QI work product tracker and PDCA cycles
CIN staff had QI work product trackers to monitor use of QI tools. One example was a series of PDCA templates in which each practice described the steps taken to accomplish a specific project goal. For analysis, we counted the total number of PDCA cycles initiated and completed per clinic. We also determined the focus area of each PDCA. For one practice, two clinic sites reported as a single entity resulting in a sample size of 6.
Satisfaction survey
The CIN delivered a web-based, 10-item satisfaction survey with multiple choice and open-ended questions at the conclusion of the QIC (online supplemental appendix 6). One to two team members from each clinic site completed the survey. Percentages were calculated for each item and open-ended responses were summarised thematically. Deidentified results were presented and discussed with QIC participants at the final meeting.
Interviews
Interviews were used to complement the quantitative data on implementation outcomes and determine perceptions of acceptability and satisfaction by QIC practice participants. The research team conducted 12 in-depth interviews with 3 types of key informants: QI coaches, physician relation associates and clinic team members. We tailored interview guides for each respondent type (online supplemental appendix 7). Prior to the interview, participants received an information sheet describing the voluntary nature of the data collection and confidentiality procedures. Interviews were scheduled at the end of the collaborative and conducted virtually. Ten of 12 interviews were audiorecorded and transcribed verbatim; 2 interviewees declined recording but allowed notetaking.
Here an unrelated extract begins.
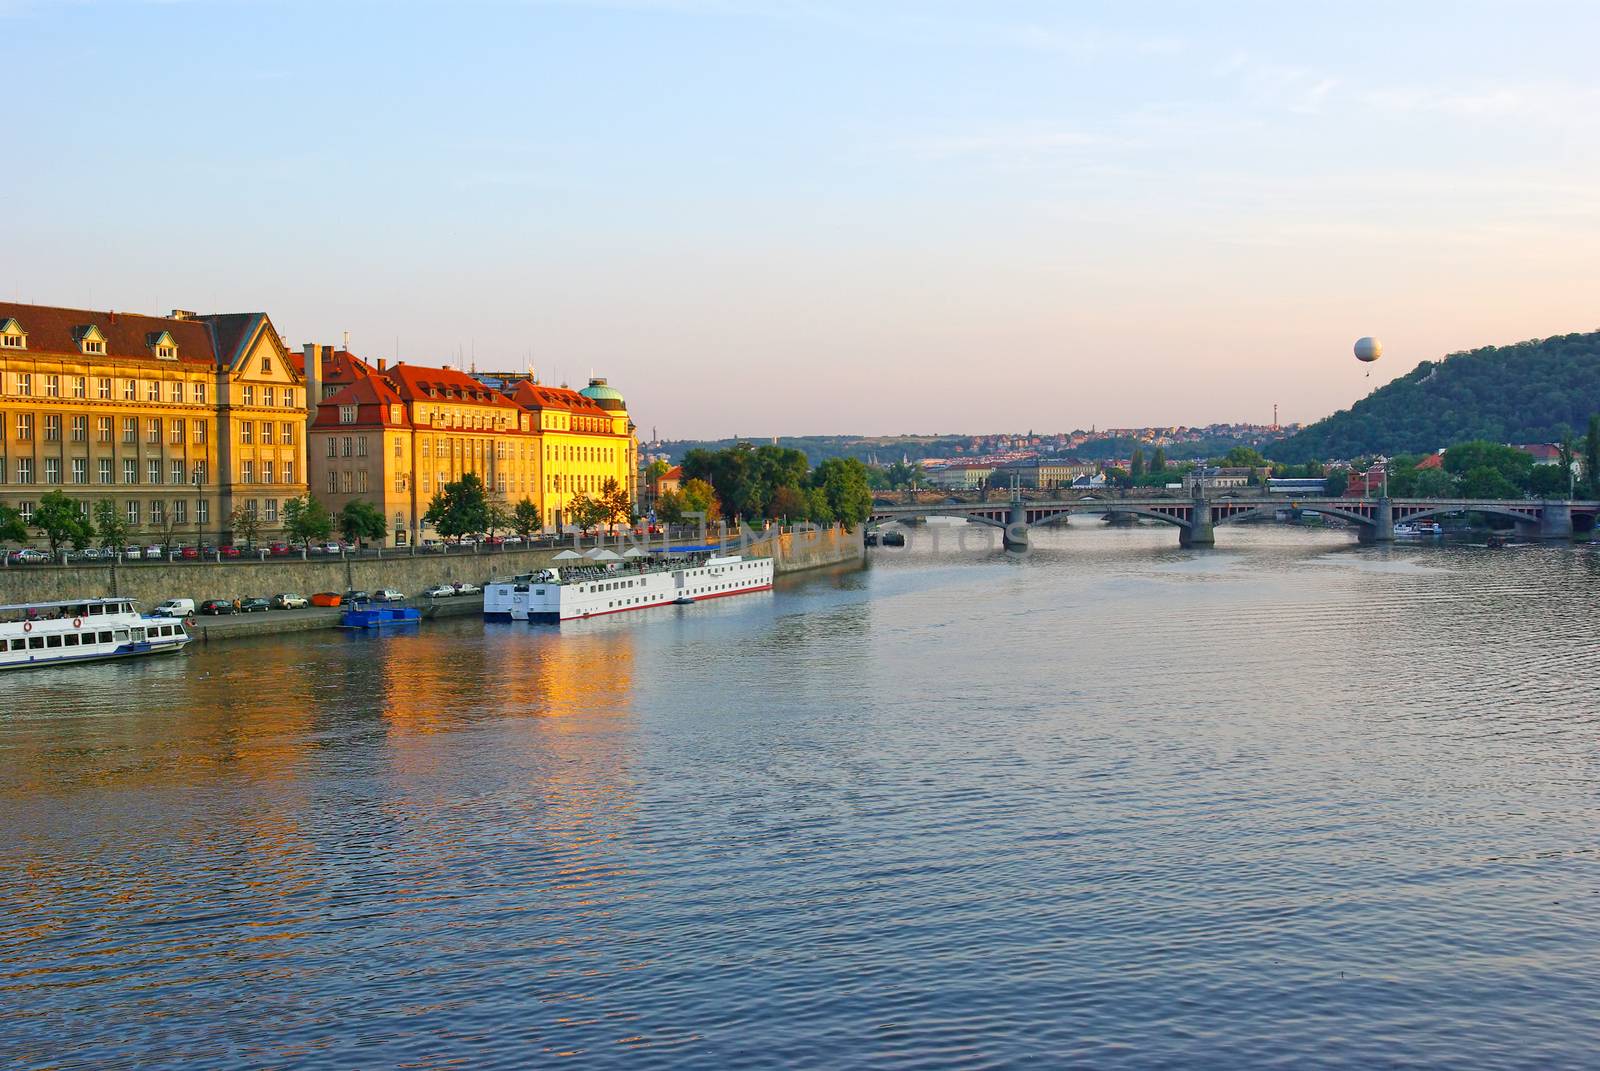 Vltava river viewed from Cech bridge in Prague, summer landscape
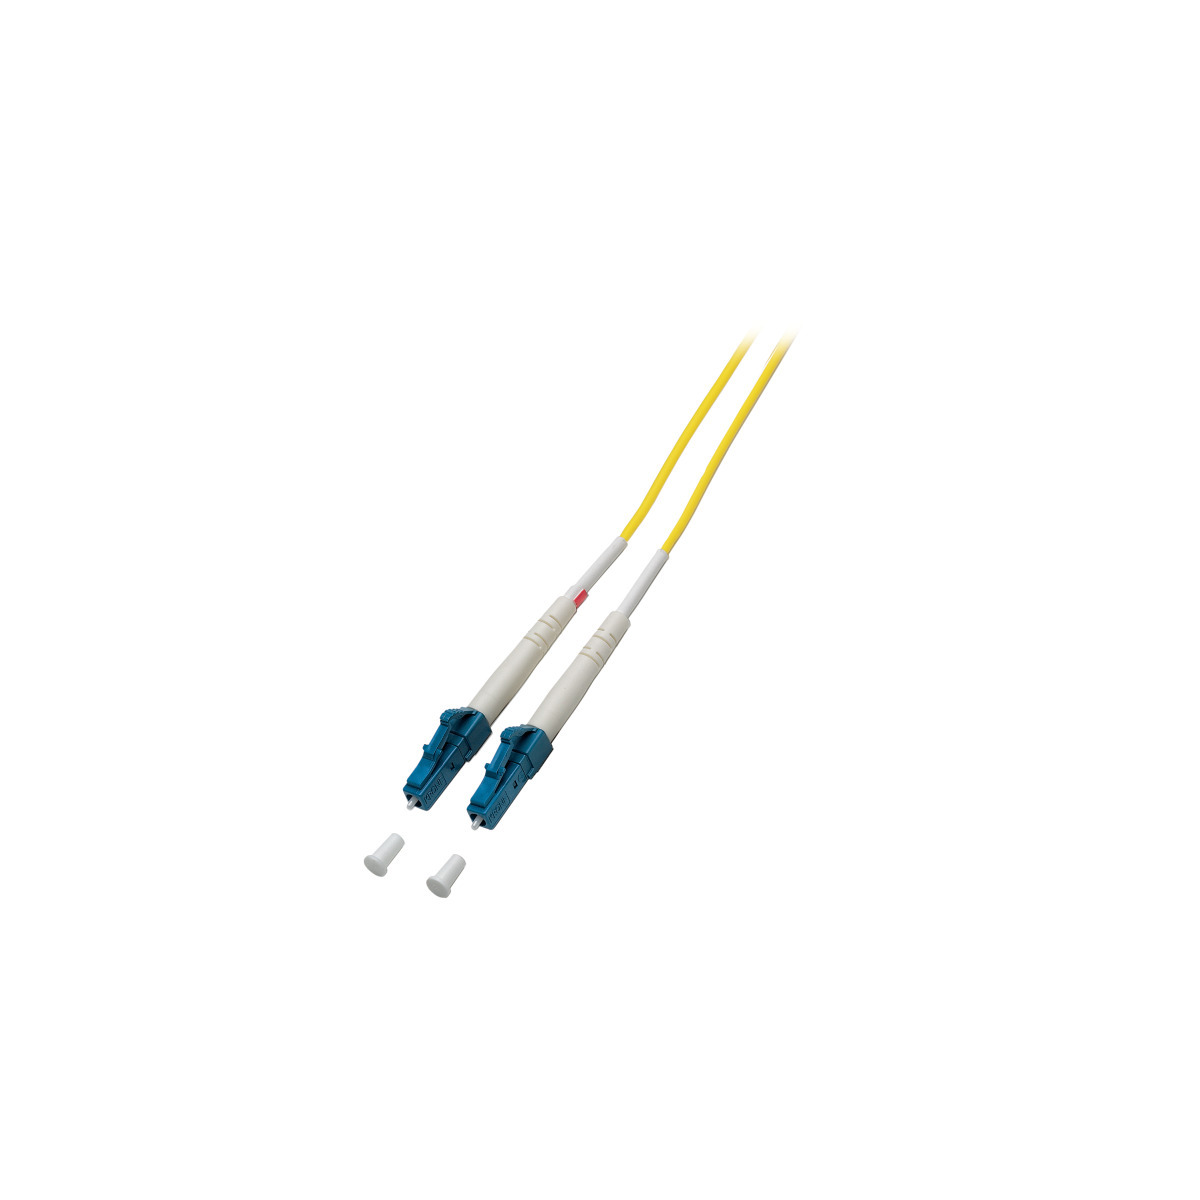 COMMUNIK Kabel Simplex LC m - Jumper / 2 LC, Glasfaserkabel

Three trained research team members conducted a rapid qualitative analysis20–23 using MS Word for coding and Excel for creating matrices. Codebooks were created with a priori codes for the implementation outcomes specified in our evaluation framework (online supplemental appendix 8). The team practised coding two transcripts, resolved discrepancies and individually coded the remaining transcripts. Summaries for each code included the codebook definition, illustrative quotations and the number of interviewees who mentioned the code. Summary sentences were discussed among the team and themes were identified by consensus. Themes were shared with the rest of the research team and key CIN members for verification.
Patient and public involvement
It was not appropriate to involve patients or the public in the design, conduct, reporting or dissemination plans of our evaluation.
Results
Characteristics of participating practices and clinics
Eight practices expressed interest and five enrolled (63%) for a total of seven clinic sites. Of the seven sites, five (71%) were Federally Qualified Health Centers and three (43%) were located in rural counties. Clinic size ranged from 1 to 7 MDs (table 2).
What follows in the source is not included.